Expulsion of student leaders stirs hornets’ nest at NOUN

By ENO-ABASI SUNDAY.   |   25 November 2015   |   11:35 pm  

noun-logoTENEBEThe establishment of the National Open University of Nigeria (NOUN) by the Olusegun Obasanjo-led administration opened a new vista for tertiary education seekers to actualise their dreams, using the distance-learning platform. With a burgeoning youth population in the country, news of the school recording its highest enrolment figures not long ago sounded like music to the ears. Suddenly, the school is mired in controversy as students are calling for the sack of their vice-chancellor, Prof. Vincent Tenebe, and some principal officers for alleged extortion and endemic corruption. The expulsion of two student leaders has added a new dimension to the brewing fracas, writes ENO-ABASI SUNDAY.

UNEASY calm reigns at the National Open University of Nigeria (NOUN), over the recent expulsion of two student leaders of the institution, following their role in the call for the removal of the Vice Chancellor, Prof.
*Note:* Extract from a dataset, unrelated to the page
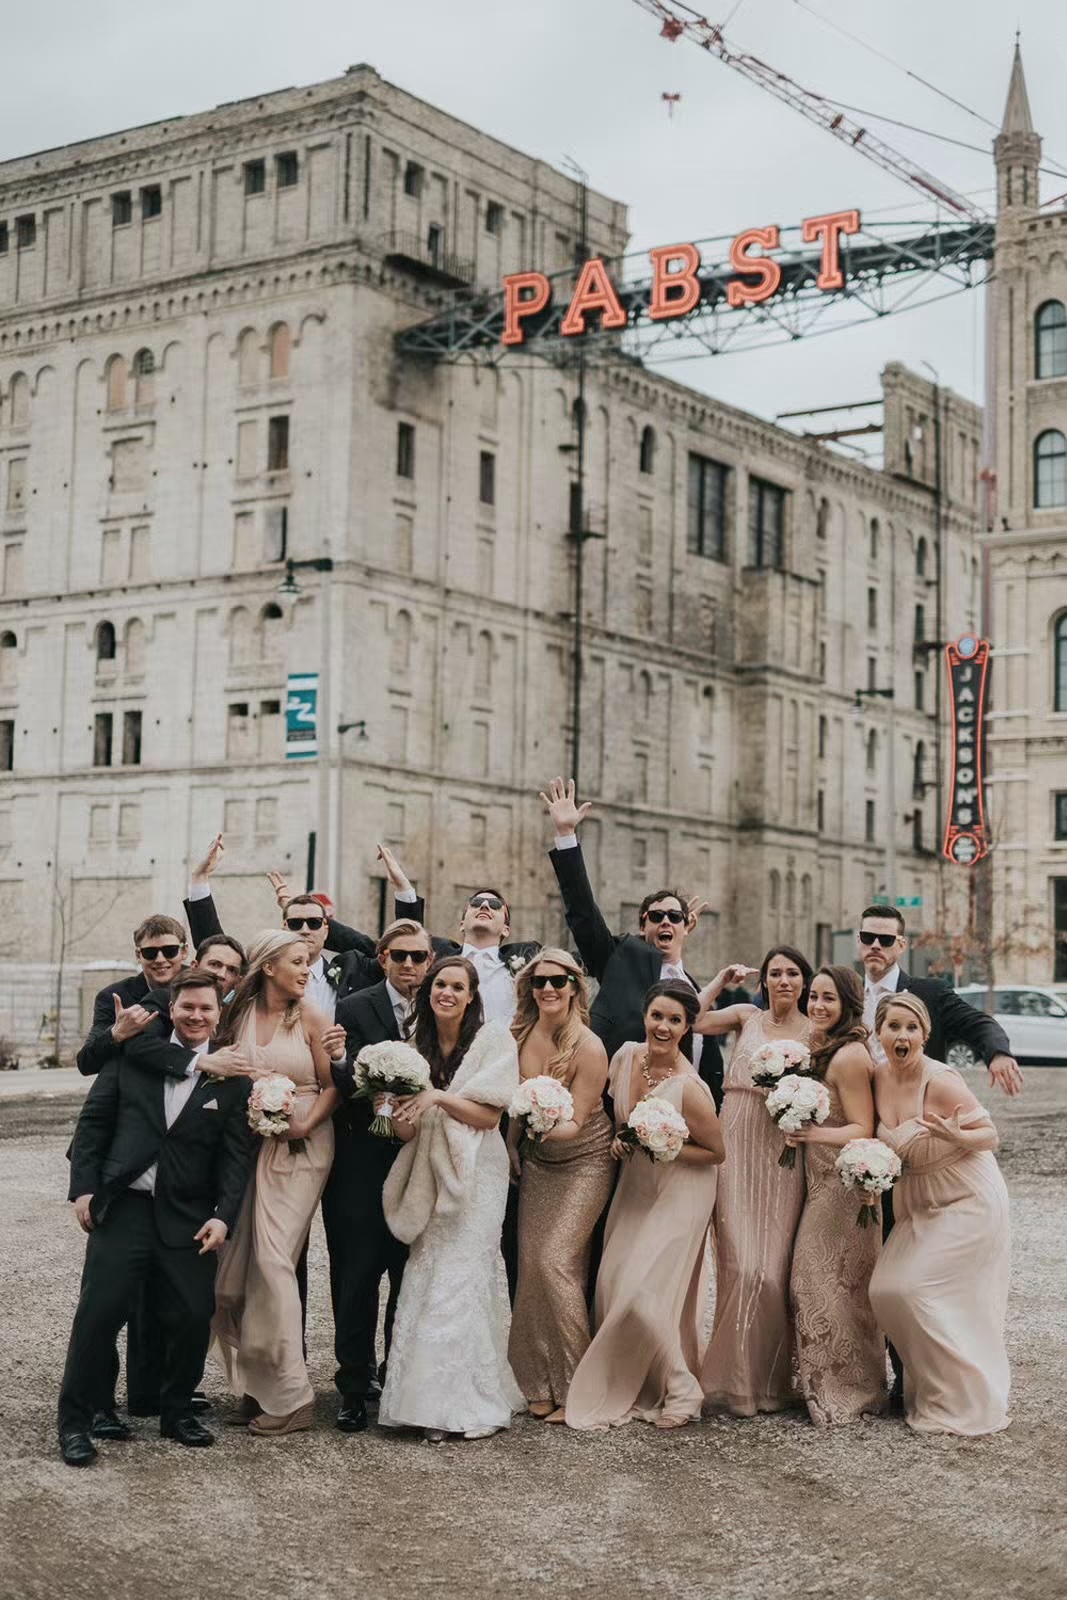 Historic Milwaukee wedding venues

Vincent Ado Tenebe, and some principal officers of the school for alleged corrupt practices.

Already, the duo, Messrs Abdulrazaq O. Hamzat, a master’s student of Peace Studies and Conflict Resolution, who was also president of the Congress of NOUN Students (CONS), (the unofficial students’ union of NOUN students across the country), and Elias Ozikpu, a Mass Communication student, who also served as the group’s public relations officer (PRO).

The expelled student, apart from heading to the court to challenge their expulsion, which they consider illegal, have also petitioned the Economic and Financial Crimes Commission (EFCC), the National Human Rights Commission, National Universities Commission (NUC), Independent Corrupt Practices Commission (ICPC) and the Nigerian Police to look into the allegations, which they have raised.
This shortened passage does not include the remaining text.